### [Work instruction]
Leave out the pictures, and copy exactly the lines from the line with "Celebrate Android L" through the last line of the data below.

[Data shown]

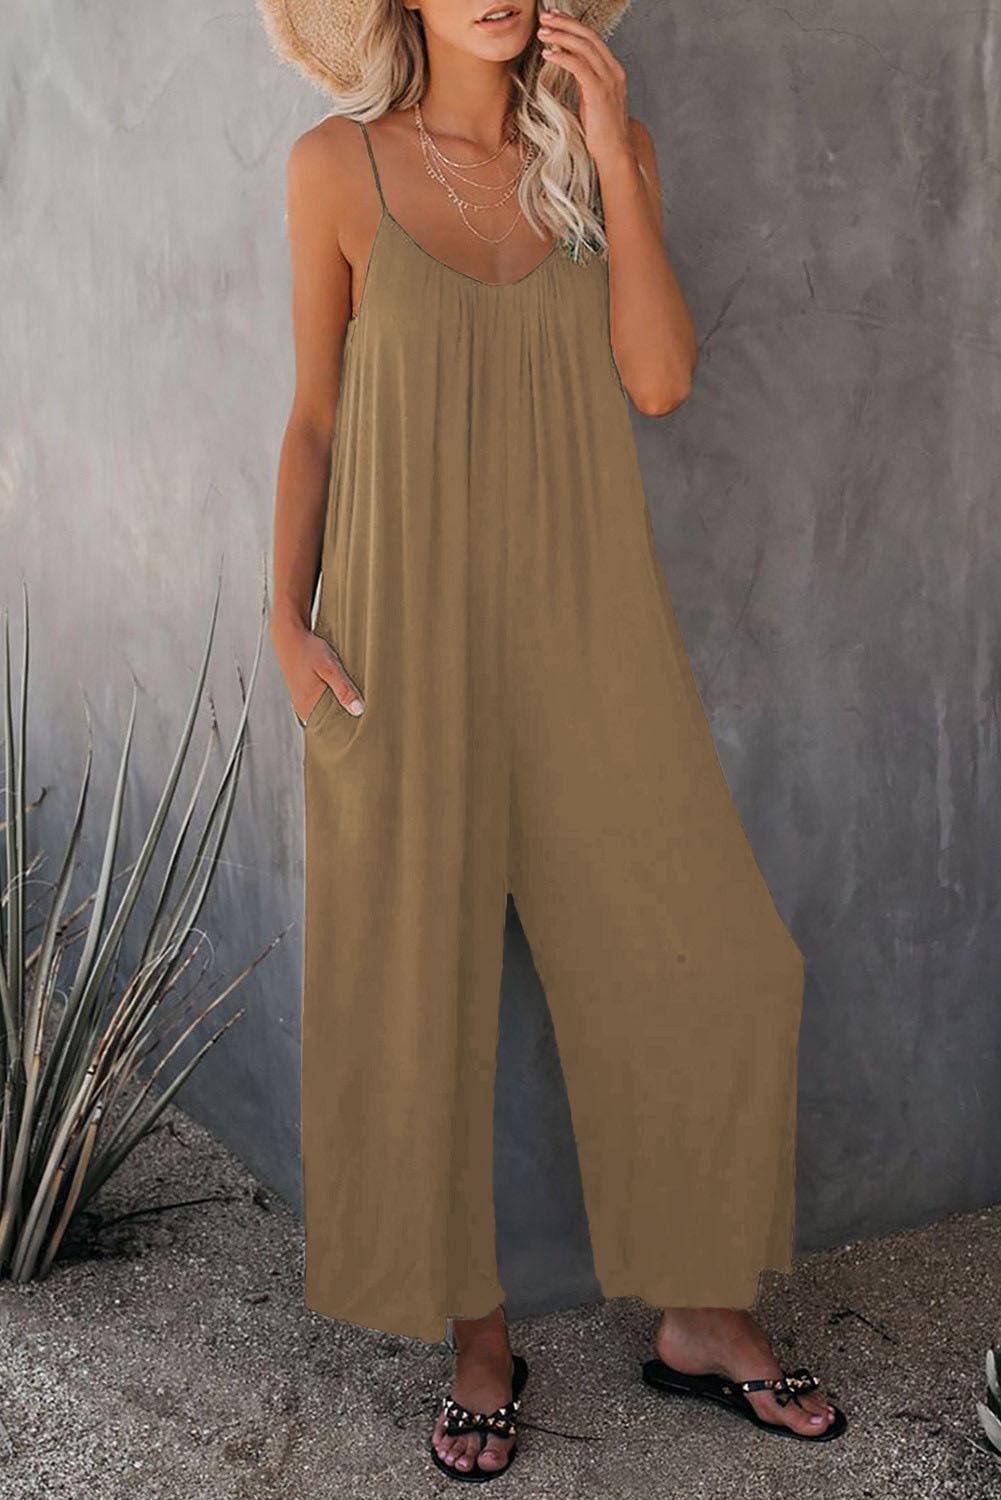 Women's Loose Sleeveless Jumpsuits Romper Jumpsuit With Pockets Long Pant Summer - AL MONI EXPRESS
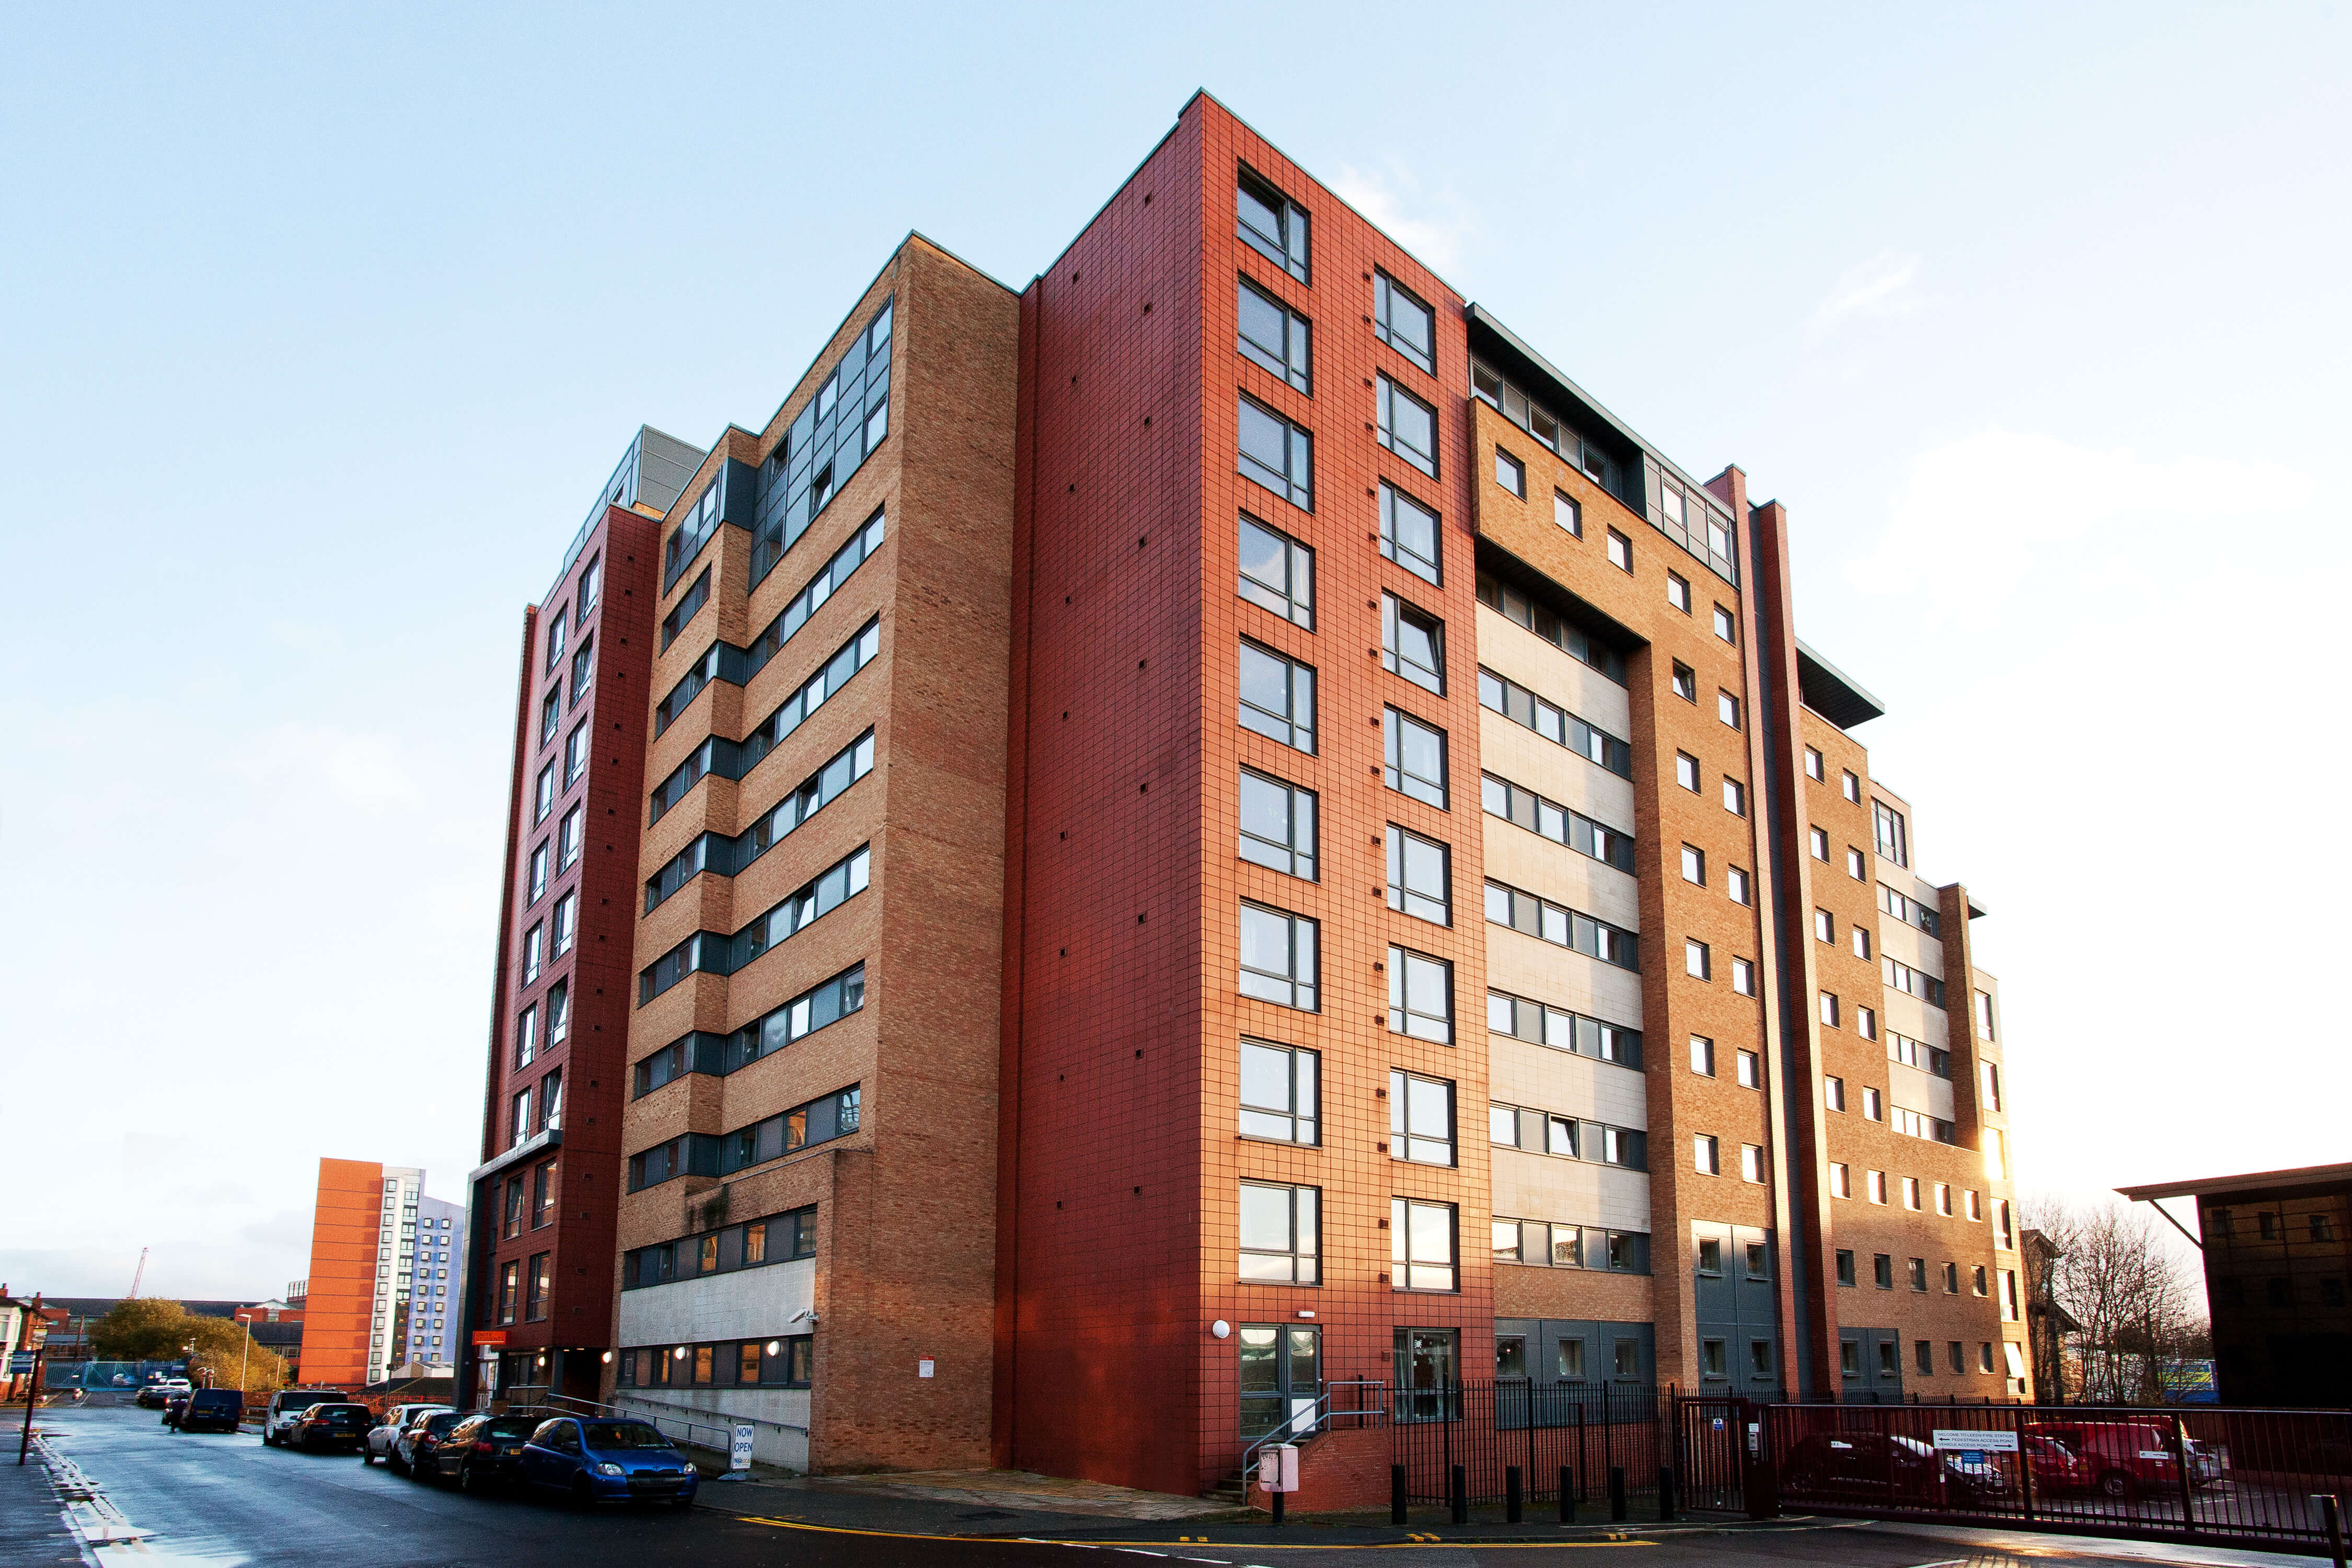 Unite Students accommodation at The Tannery in Leeds
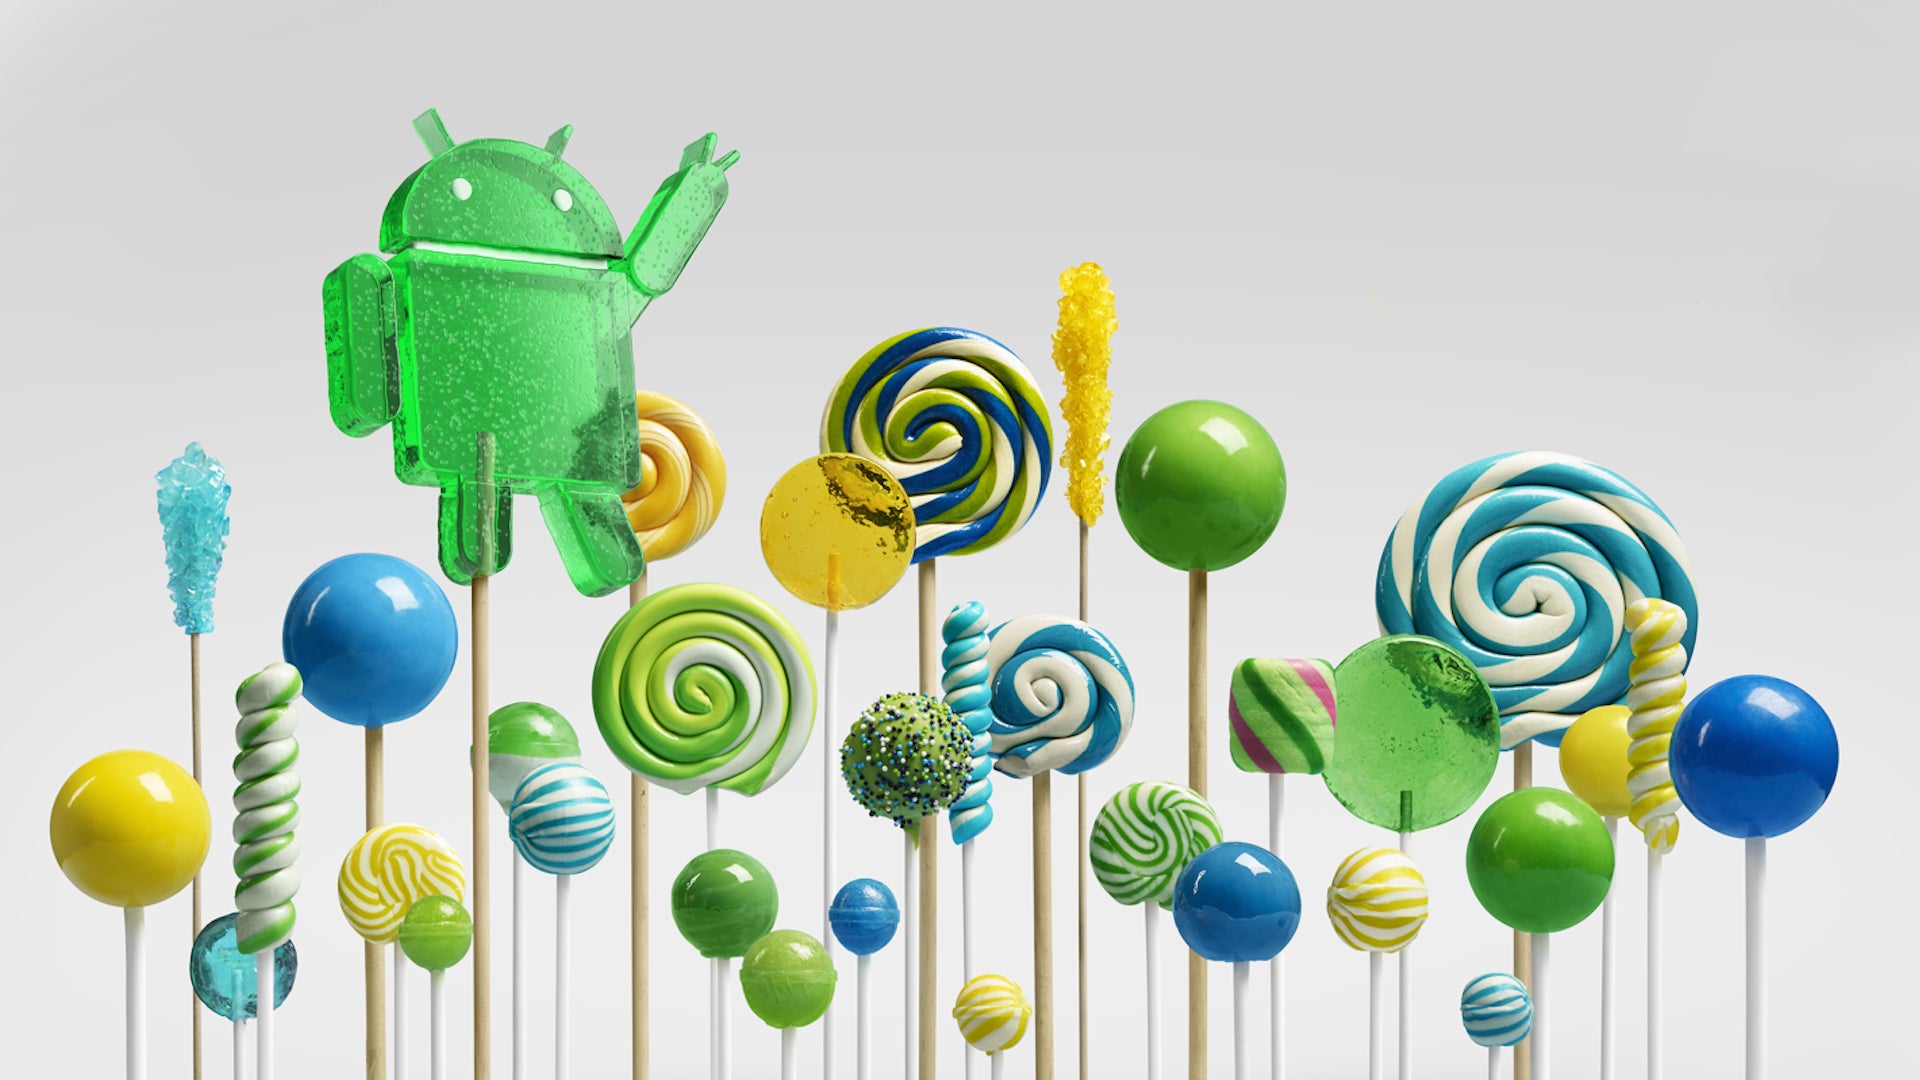 Celebrate Android L With These Lollipop Wallpapers Android ドロイド君のデスクトップ壁紙集 Naver まとめ
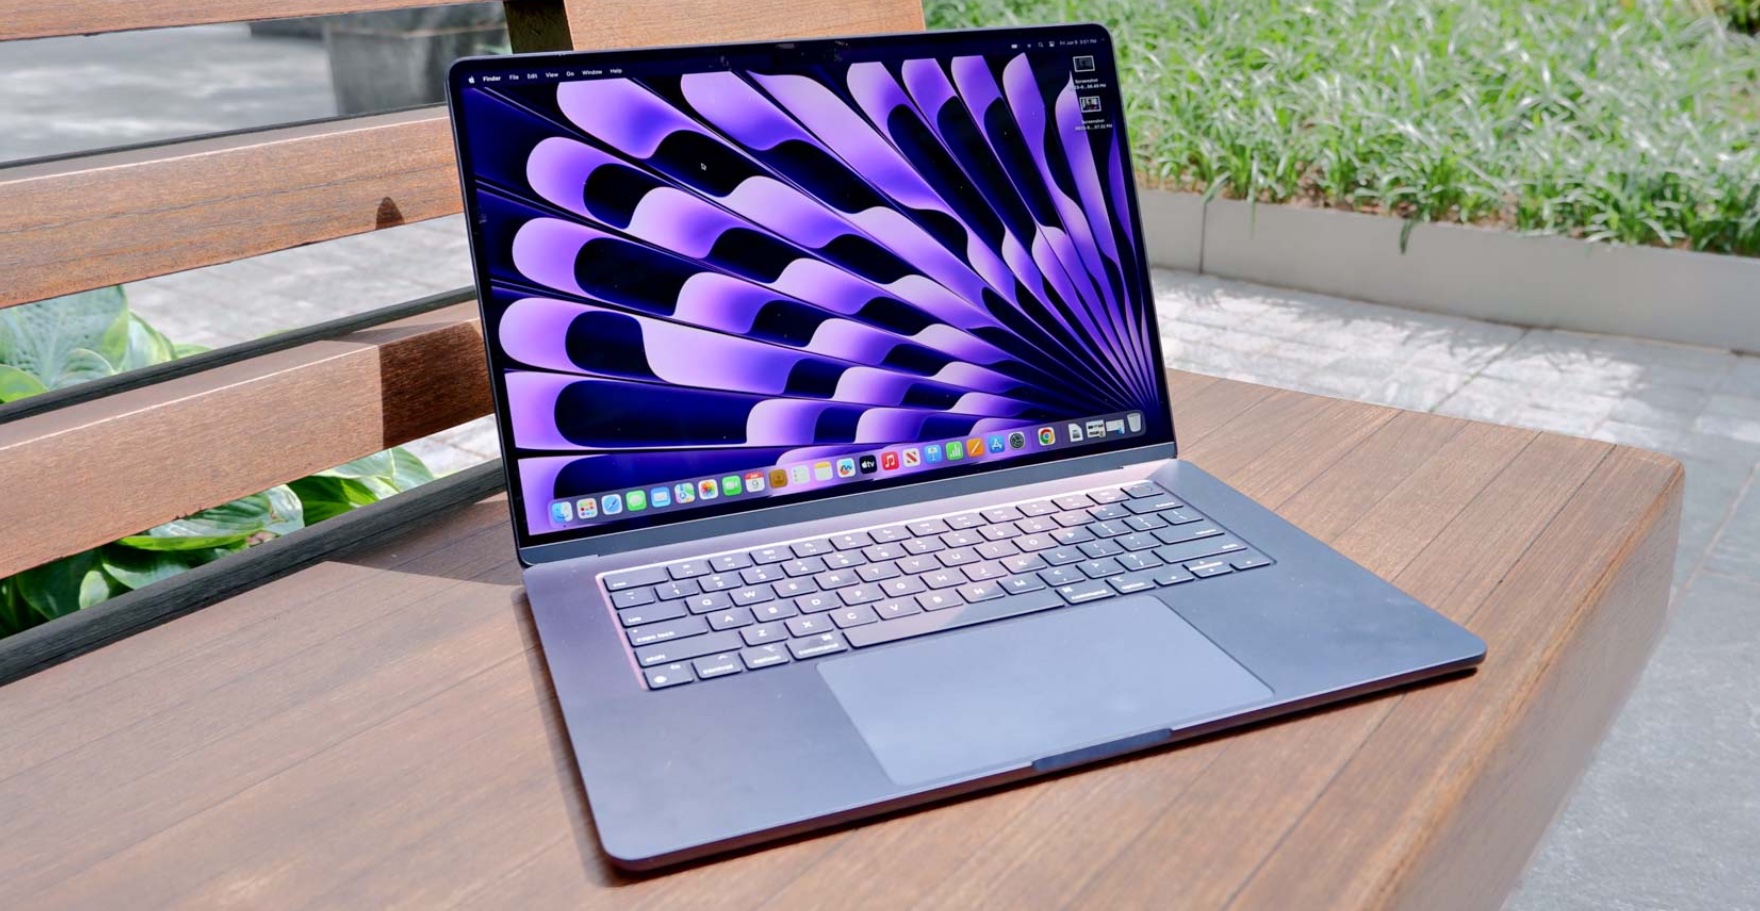 Apple MacBook Air 15-inch review: The best 15-inch…

[/Data shown]

### [Response to the exercise]
 Celebrate Android L With These Lollipop Wallpapers Android ドロイド君のデスクトップ壁紙集 Naver まとめ
 Apple MacBook Air 15-inch review: The best 15-inch…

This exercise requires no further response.